In this study, we collected EEG, Electrodermal Activity (EDA) and Heart Rate Variability (HRV) signals from elderly individuals. We optimized the number of modes (k) and penalty coefficient (α) in Variational Mode Decomposition (VMD) using the Dung Beetle Optimizer (DBO) [18]. After optimization, we transformed the decomposed signals into image data using a Recursive Map (RM). Subsequently, we fed the three types of transformed image data into a Vision Transformer (ViT) for feature extraction and model training. Finally, we compared the recognition performance of the three signal types using a test dataset and validated the superiority of our proposed method. Our research aims to provide insights into emotion recognition for elderly individuals.

2. Experimental Data Acquisition and Pre-Processing

2.1. Participants and Experimental Apparatus

Participants: a total of 14 elderly people over 60 years of age, including eight males and six females. All participants had normal vision, hearing, and overall physical and mental health. They had no history of psychiatric or neurological disorders. Informed consent was obtained from each participant, who voluntarily agreed to participate in the experiment. None of the participants had taken any medication in the week leading up to the study, and they refrained from vigorous physical activity for 4 h before the experiment. Before the start of the study, all participants were thoroughly briefed on the experimental procedures. The experimental setup is depicted in Figure 1.

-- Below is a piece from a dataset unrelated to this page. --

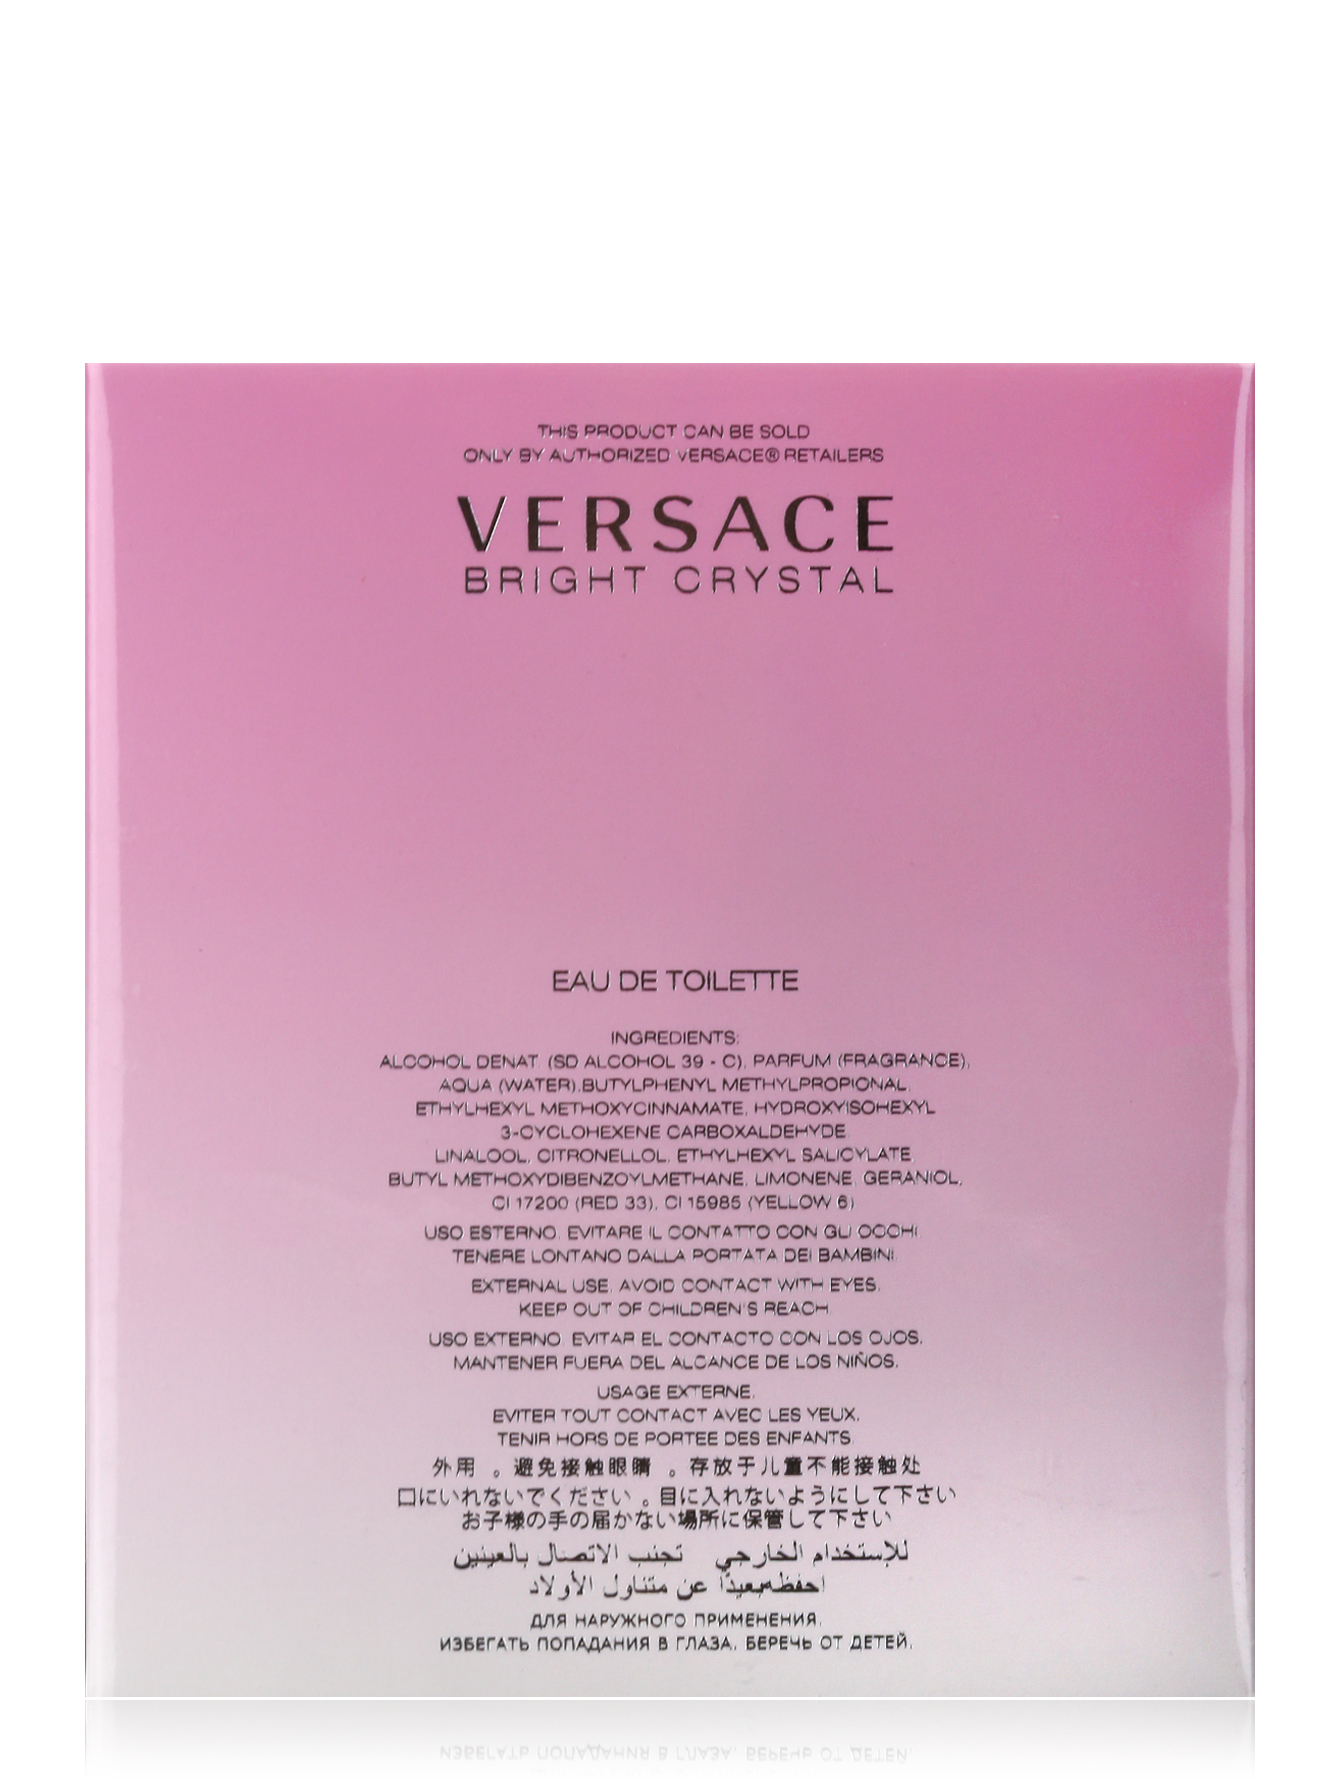  Туалетная вода - Versace Bright Crystal, 90ml - Модель Верх-Низ
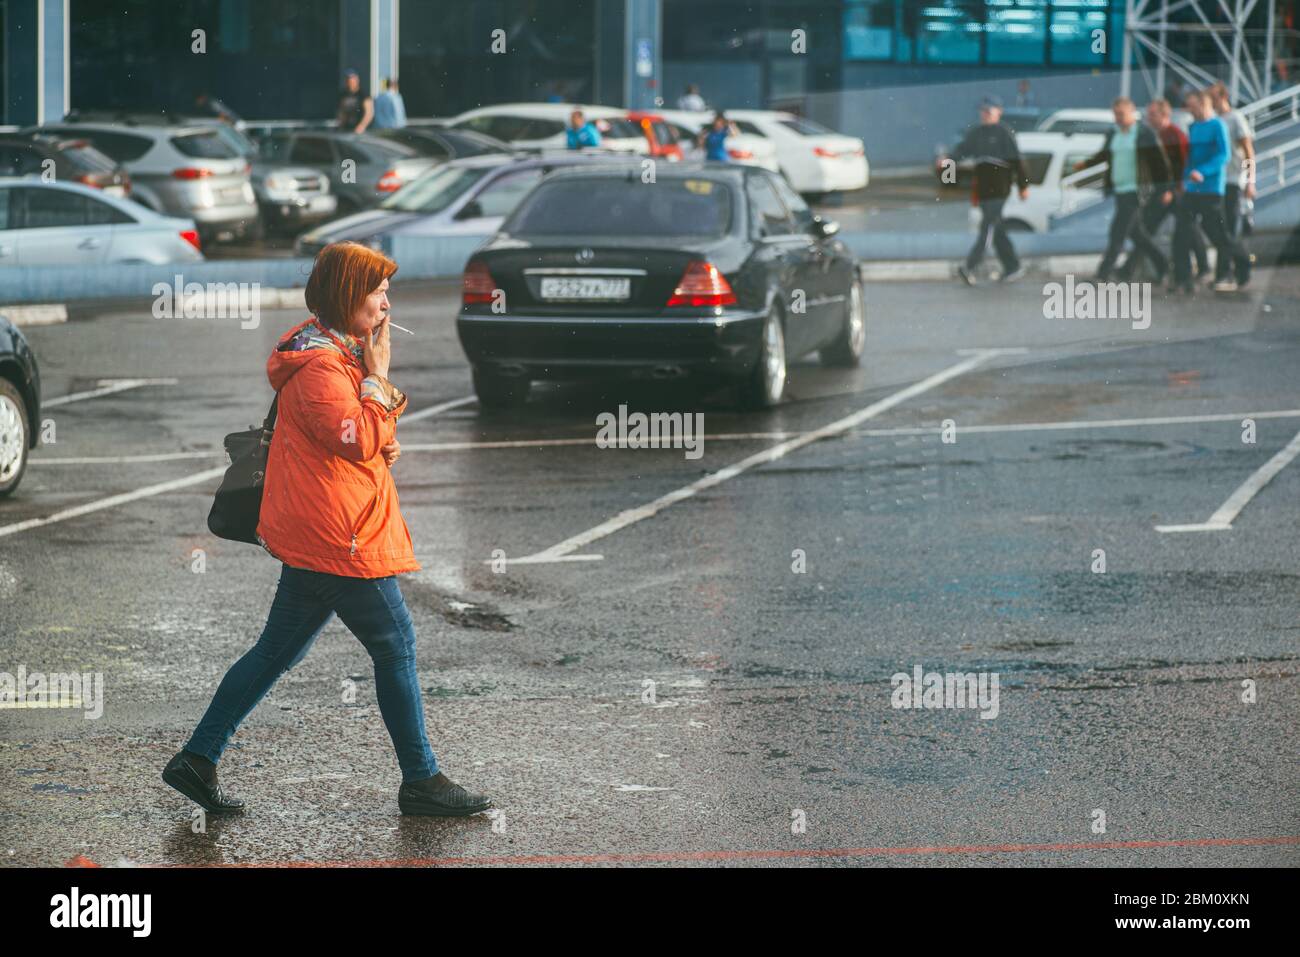 Moskau, Russland - 2. MAI 2018: Eine Frau in einer roten Jacke geht eine nasse Straße entlang und raucht an einem öffentlichen Ort eine Zigarette Stockfoto

Experimental Instruments: The BitBrain EEG Semi-Dry Electrode Wearable Brainwave Monitor was used for recording brain electrical activity. The ErgoLAB EDA Wireless Skin Conductance Sensor measured electrodermal activity (skin conductance). The ErgoLAB HRV Wireless Pulse Sensor monitored the pulse rate. The ErgoLAB Human-Machine Synchronization Platform V3.0 provided a synchronized environment for data collection and analysis. All the above instruments were provided by Beijing Jinfatech Co., Ltd., Beijing, China. The overall setup with participants wearing the instruments is depicted in Figure 2.

2.2. Stimulation Methods

The video-evoked method was chosen for this study. Various film clips were used to evoke emotional states in the participants. Drawing inspiration from the Database for Emotion Analysis Using Physiological Signals (DEAP) dataset and the SJTU Emotion EEG Dataset (SEED) dataset, six suitable video segments were selected. The anticipated emotions to be induced in the participants included, but were not limited to, happiness, sadness, fear, and disgust. When defining emotion labels, this study adopted a dimensional theory approach. Two commonly used dimensions for quantifying human emotions are valence, which reflects the positive or negative nature of emotions and arousal, which indicates the level of excitement during a specific state. According to the emotional dimensional theory, the rating scale ranges from 1 to 9. Scores above 5 were categorized as the high-level group, while scores below 5 fell into the low-level group. Three trained experimenters were selected to watch six movie clips and then score them. The results showed that the three experimenters scored within the same range, proving that the selected movie clips could successfully induce emotions. The six movie clips induced four emotional states: high arousal high valence, high arousal low valence, low arousal high valence, and low arousal low valence. These states were labeled as 0, 1, 2, and 3, respectively.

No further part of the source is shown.